The Van Siclen Avenue station is a skip-stop station on the BMT Jamaica Line of the New York City Subway. Located at the intersection of Fulton Street and Van Siclen Avenue in Brooklyn, it is served by the Z train during rush hours in the peak direction, and by the J train other times.

History 

The station opened on December 3, 1885 as part of a one station extension of the Lexington Avenue Line from Alabama Avenue. This station was the eastern terminus of the line until May 30, 1893 when it was extended to Cypress Hills. 

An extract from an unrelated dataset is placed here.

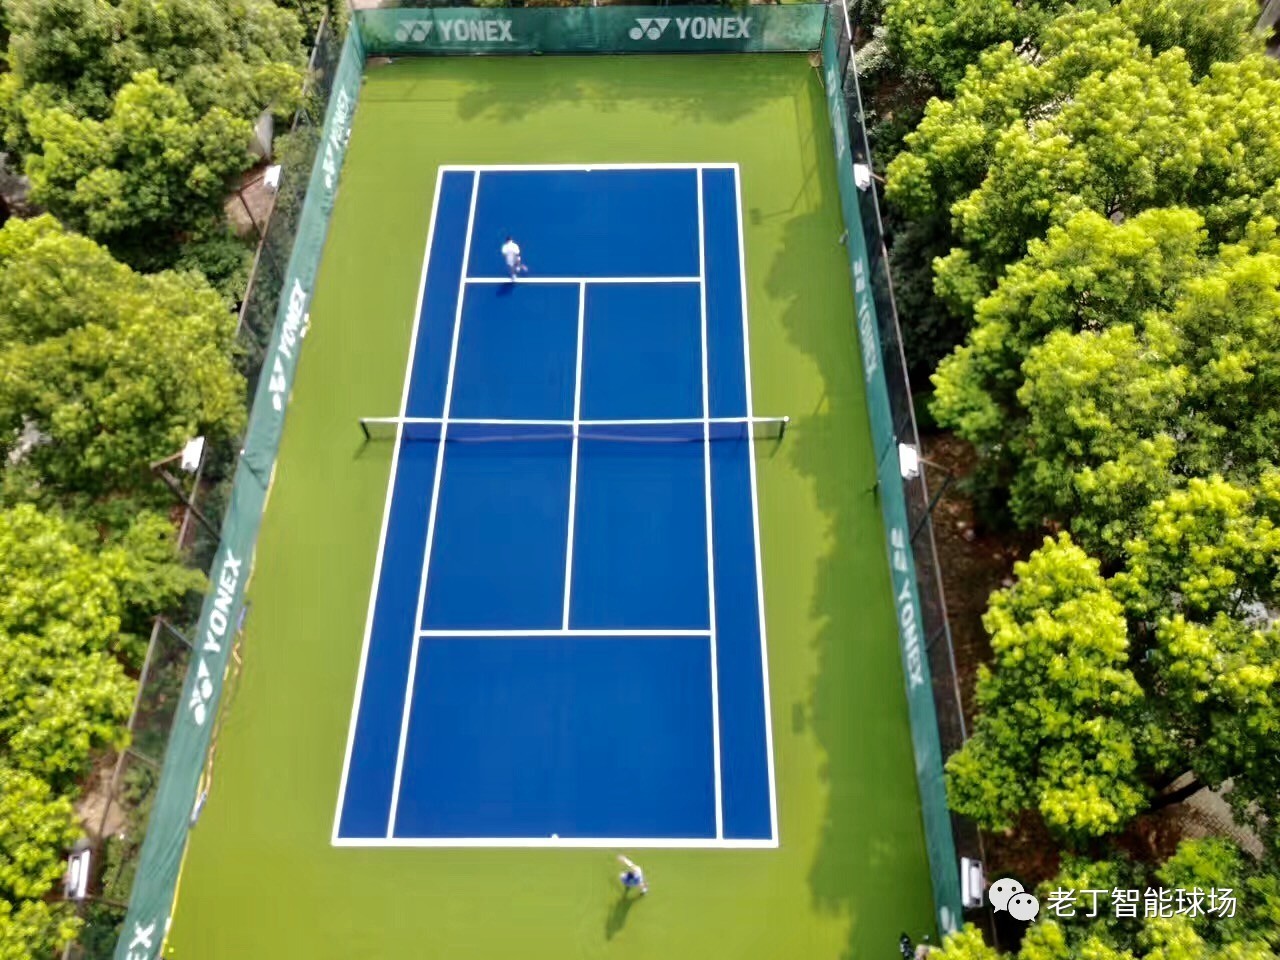 澳网,温网,美网)正因各自比赛场地不同而吸引着全球顶尖网球运动员

This station was closed from March 25 to August 6, 2006 in order to be rehabilitated. As part of the rehabilitation project, the stairs were rehabilitated, the floors were renewed, major structural repairs were made, new canopies were installed, the area around the station booth was reconfigured, the platform edge strips were replaced, walls were replaced, and a high-quality public address system was installed. The rehabilitation project cost $8.52 million.

Station layout

This elevated station has two tracks and one island platform. The canopy is short and has a squared off, flat roof-line.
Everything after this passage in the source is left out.